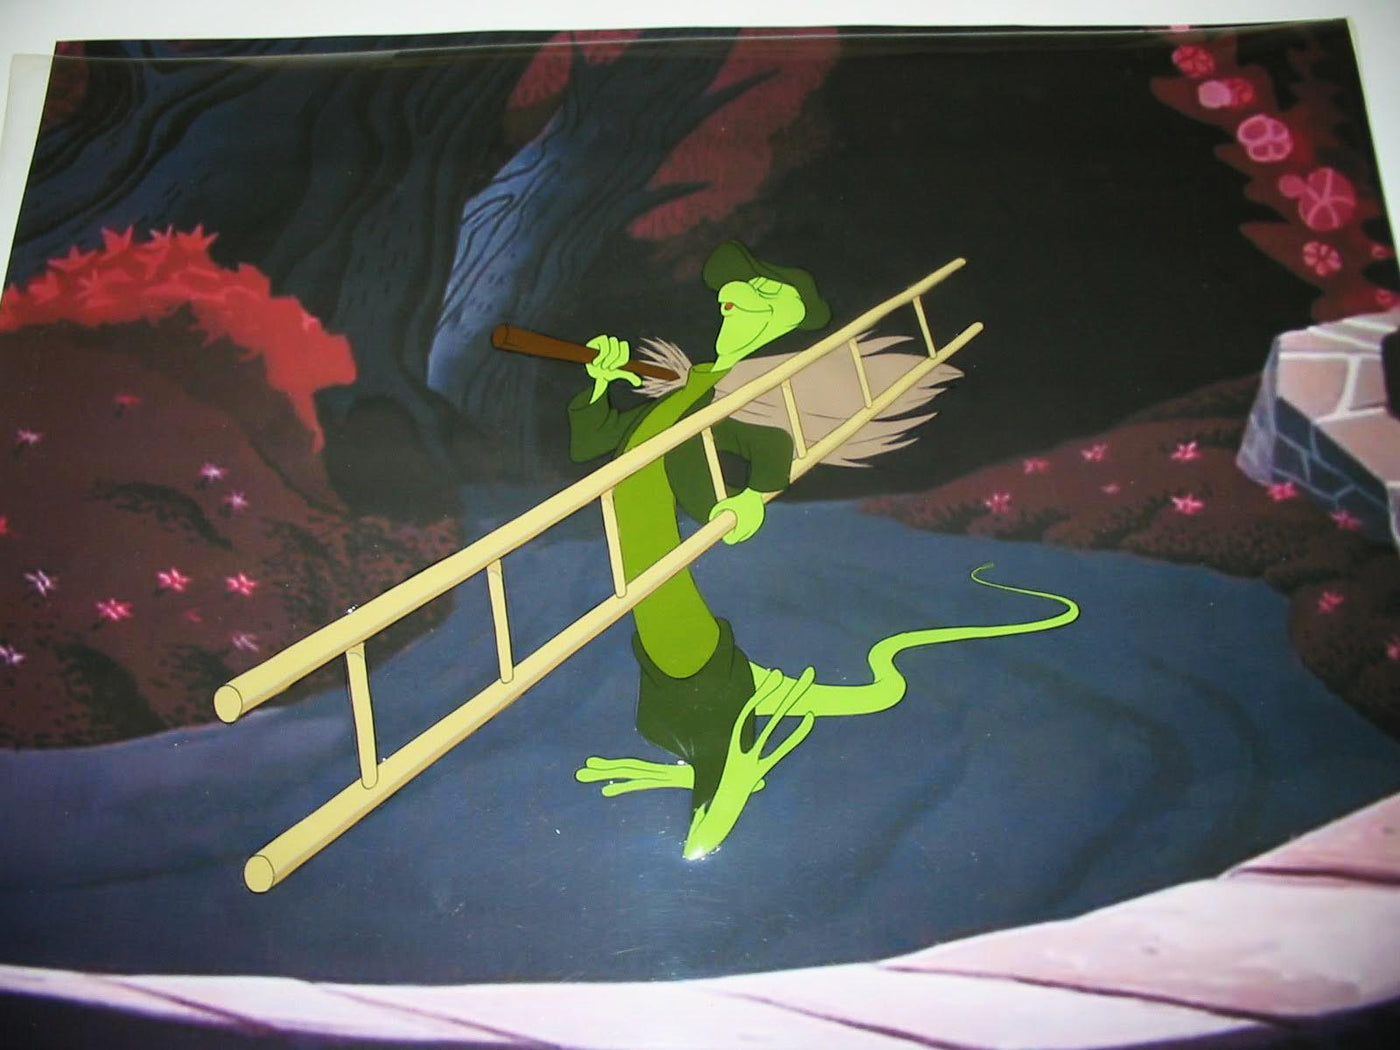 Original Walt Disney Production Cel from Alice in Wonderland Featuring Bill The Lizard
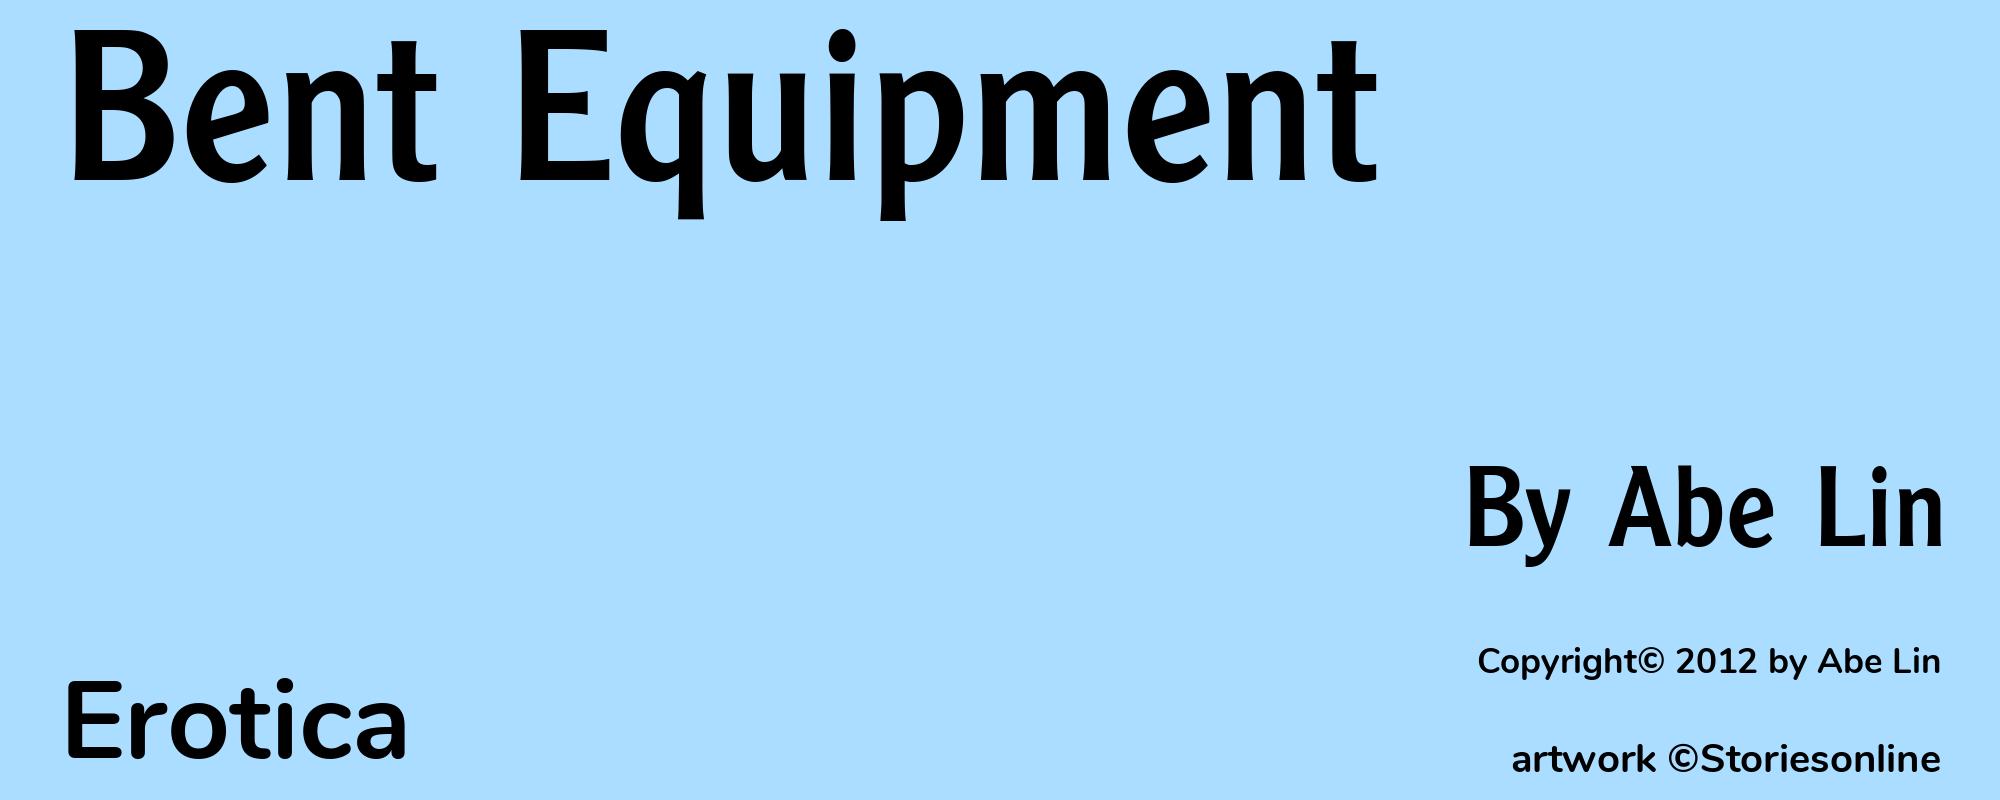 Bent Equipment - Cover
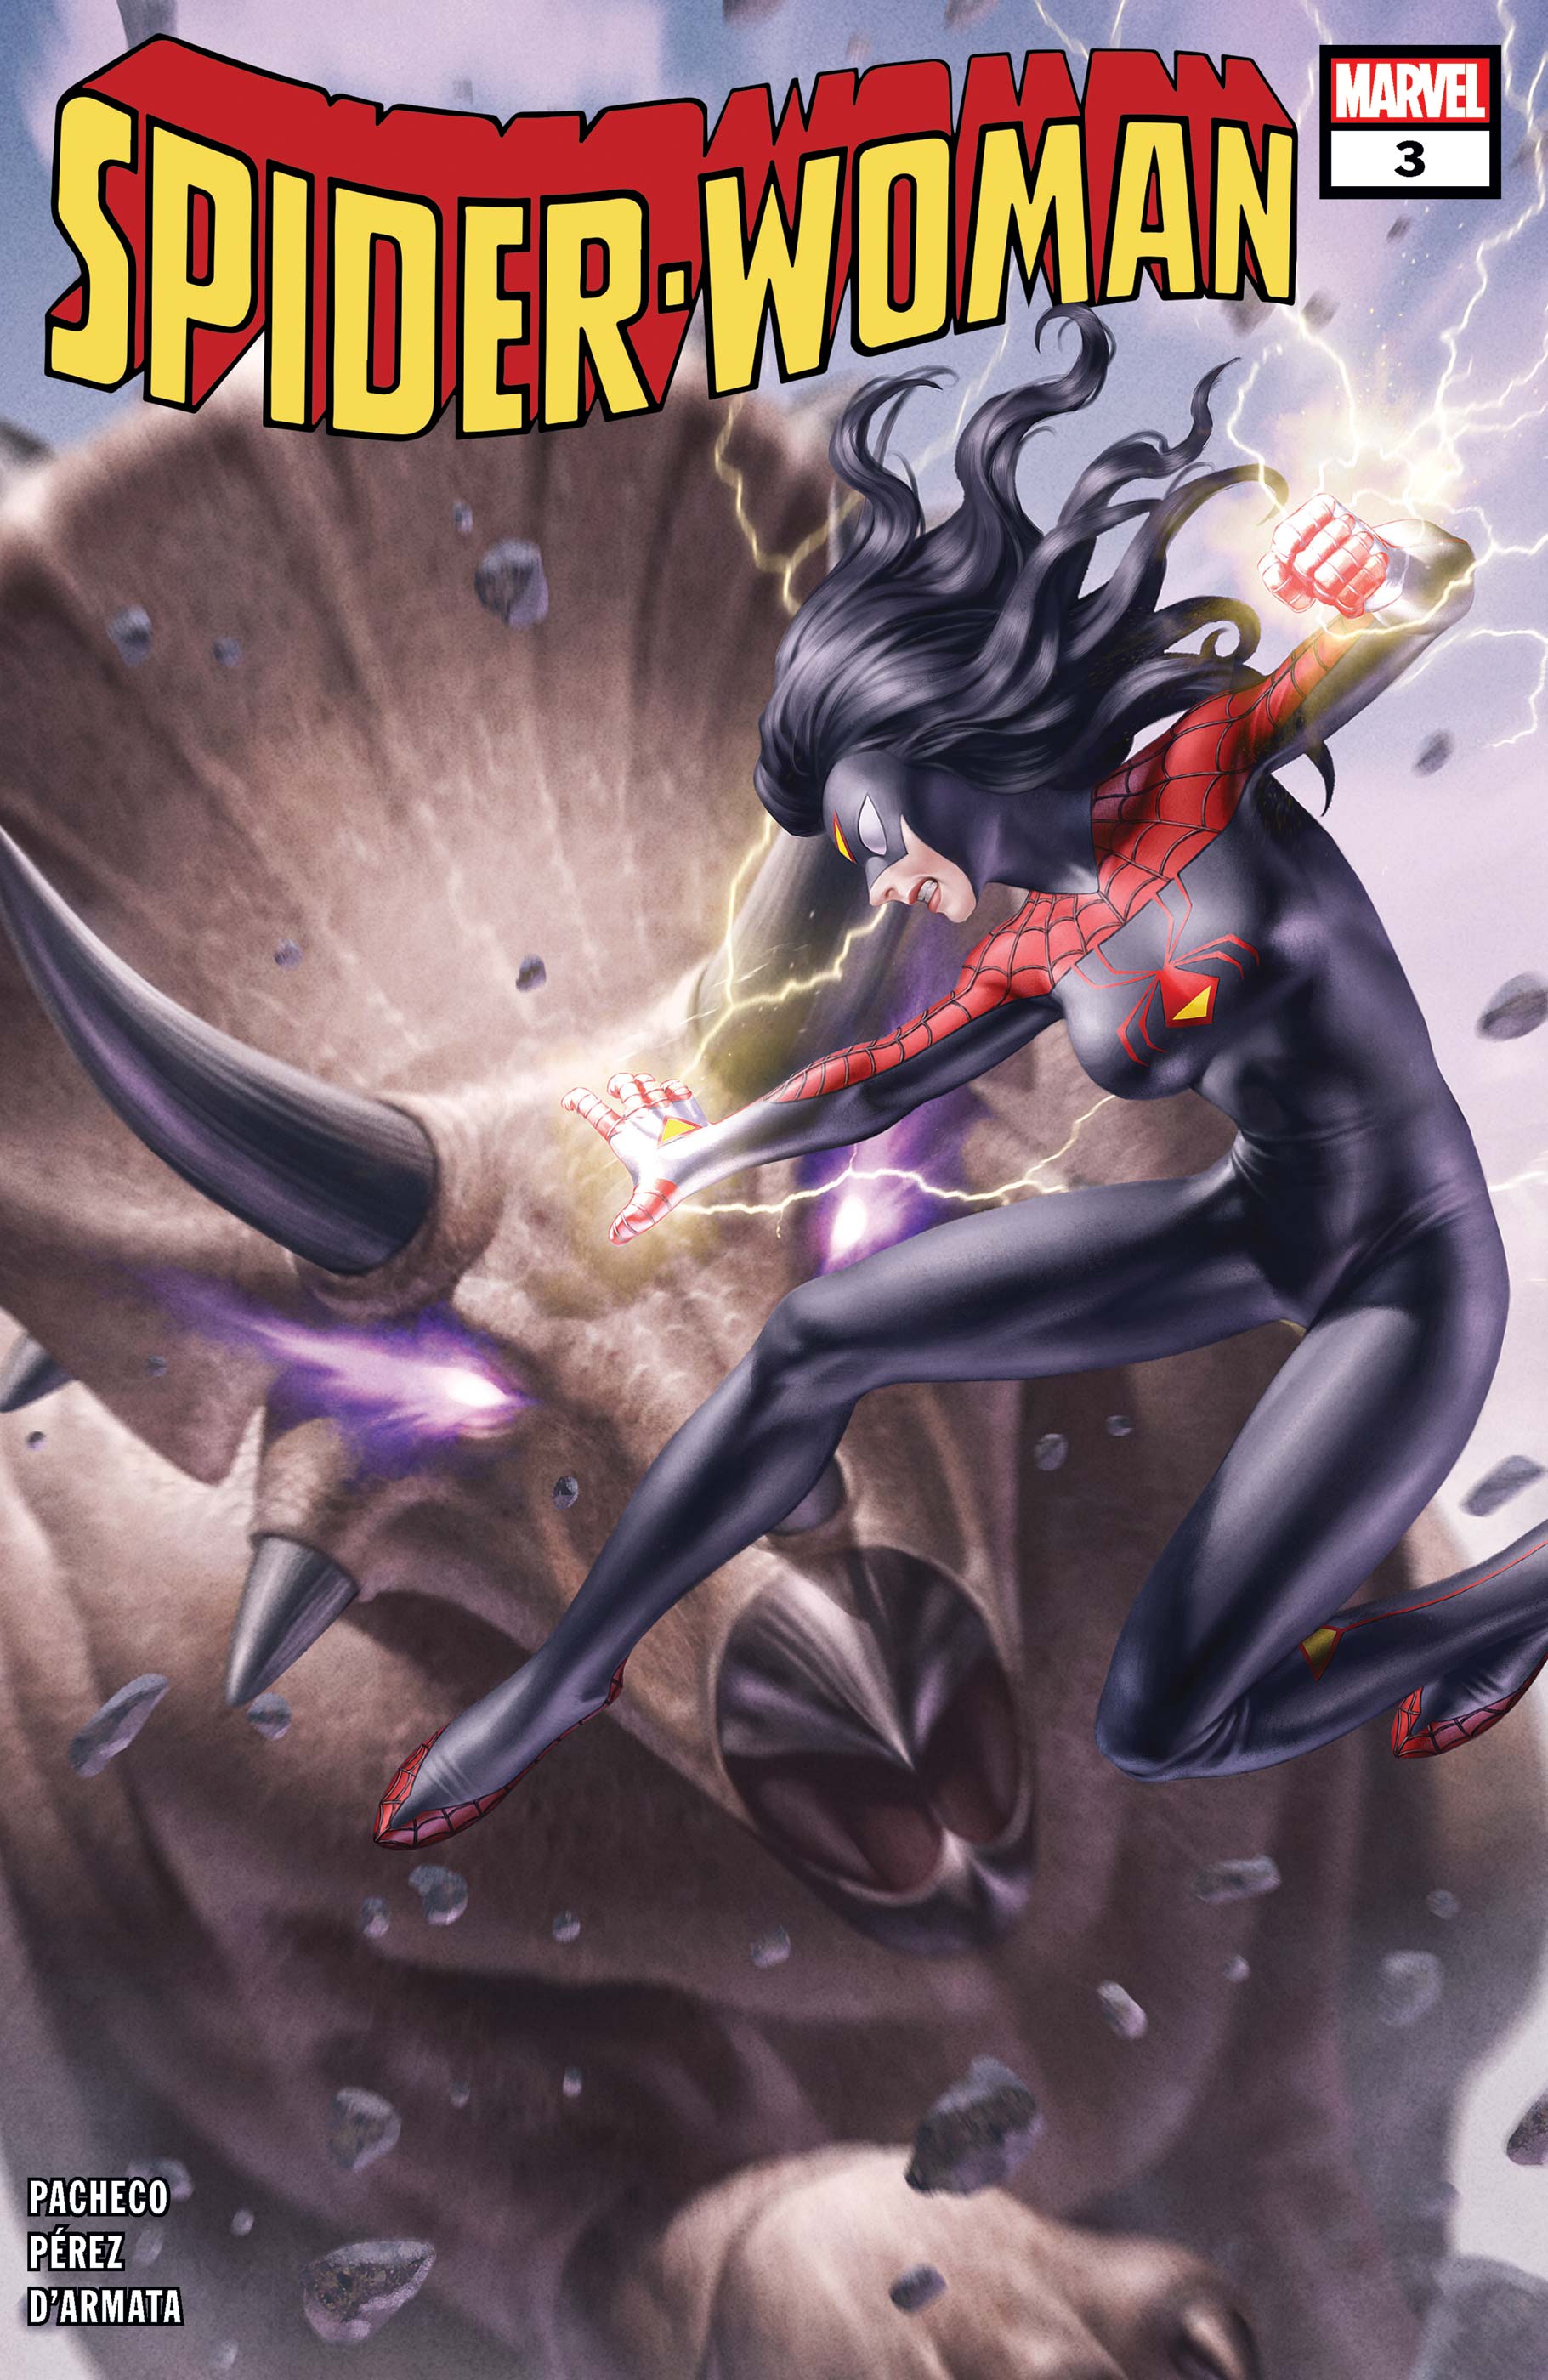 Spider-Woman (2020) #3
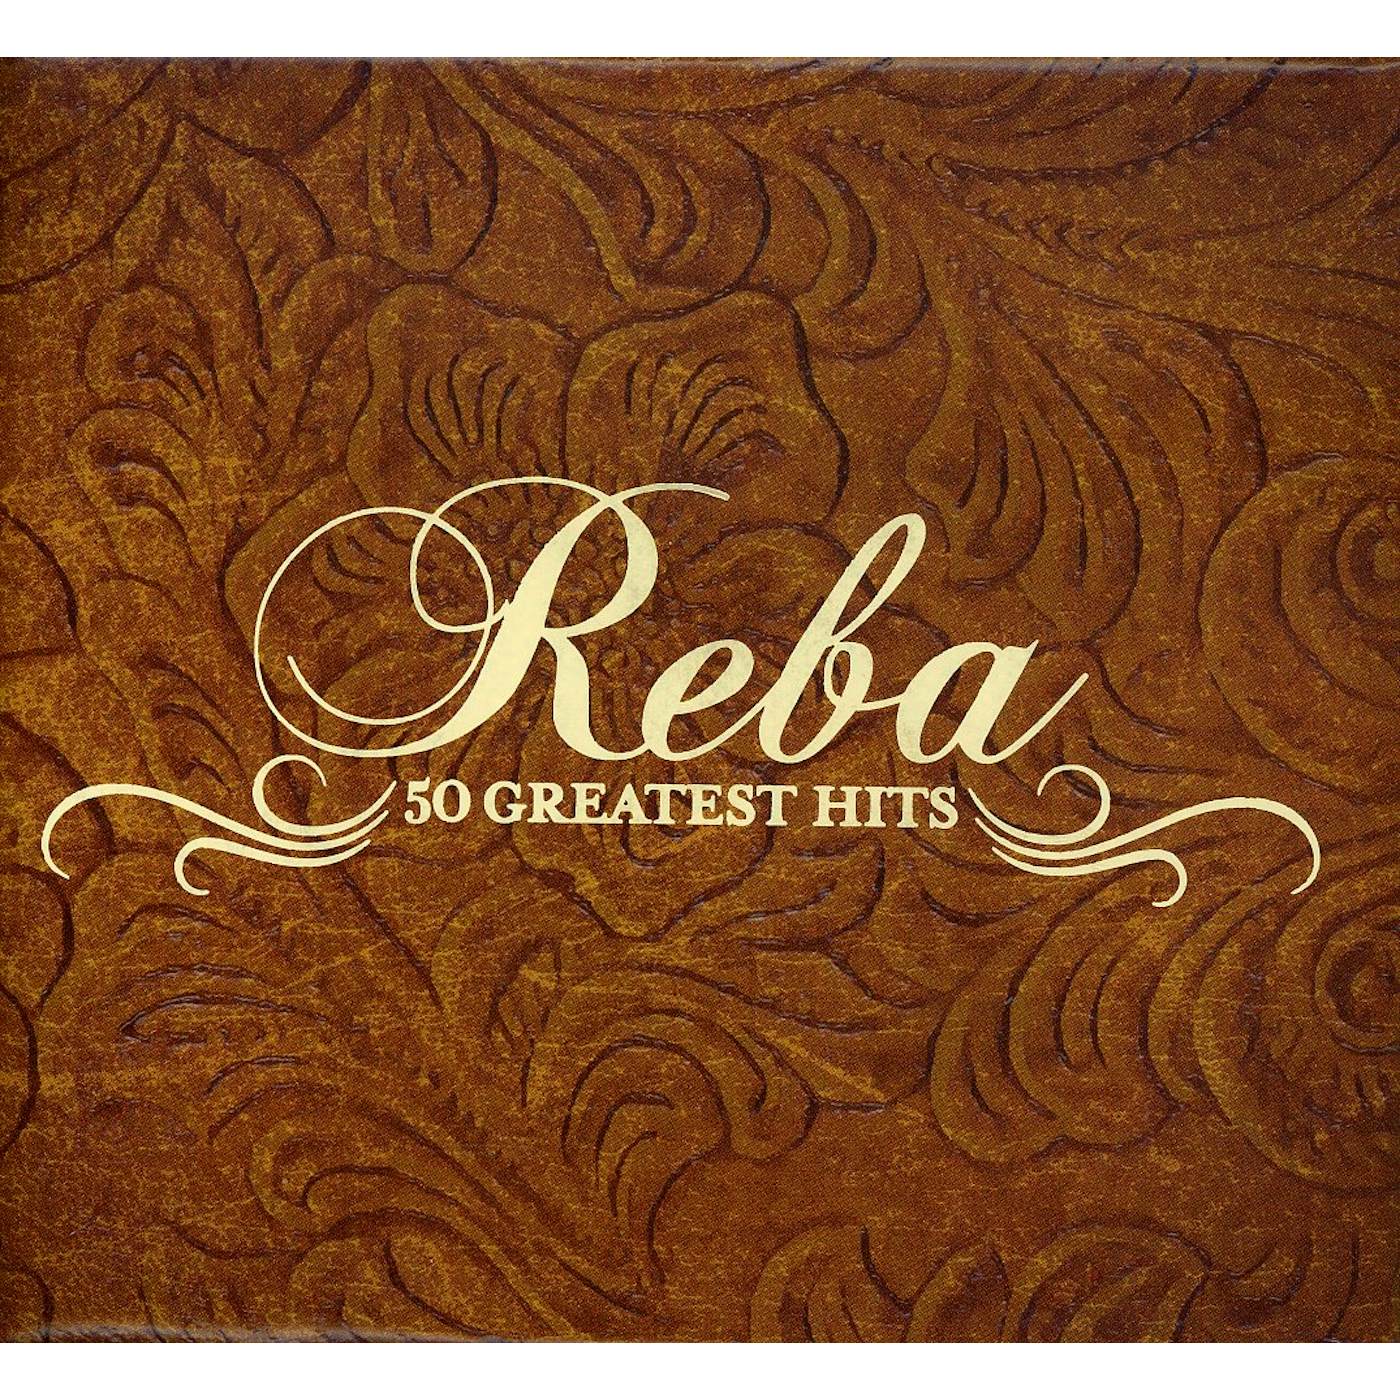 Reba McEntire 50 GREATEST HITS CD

■ Exercise details ■
Leaving out the pictures, reproduce the whole listing above exactly.

■ Written solution ■
 Original Walt Disney Production Cel from Alice in Wonderland Featuring Bill The Lizard
 Bent Equipment - Cover
 Spider-Woman (2020) #3
 Reba McEntire 50 GREATEST HITS CD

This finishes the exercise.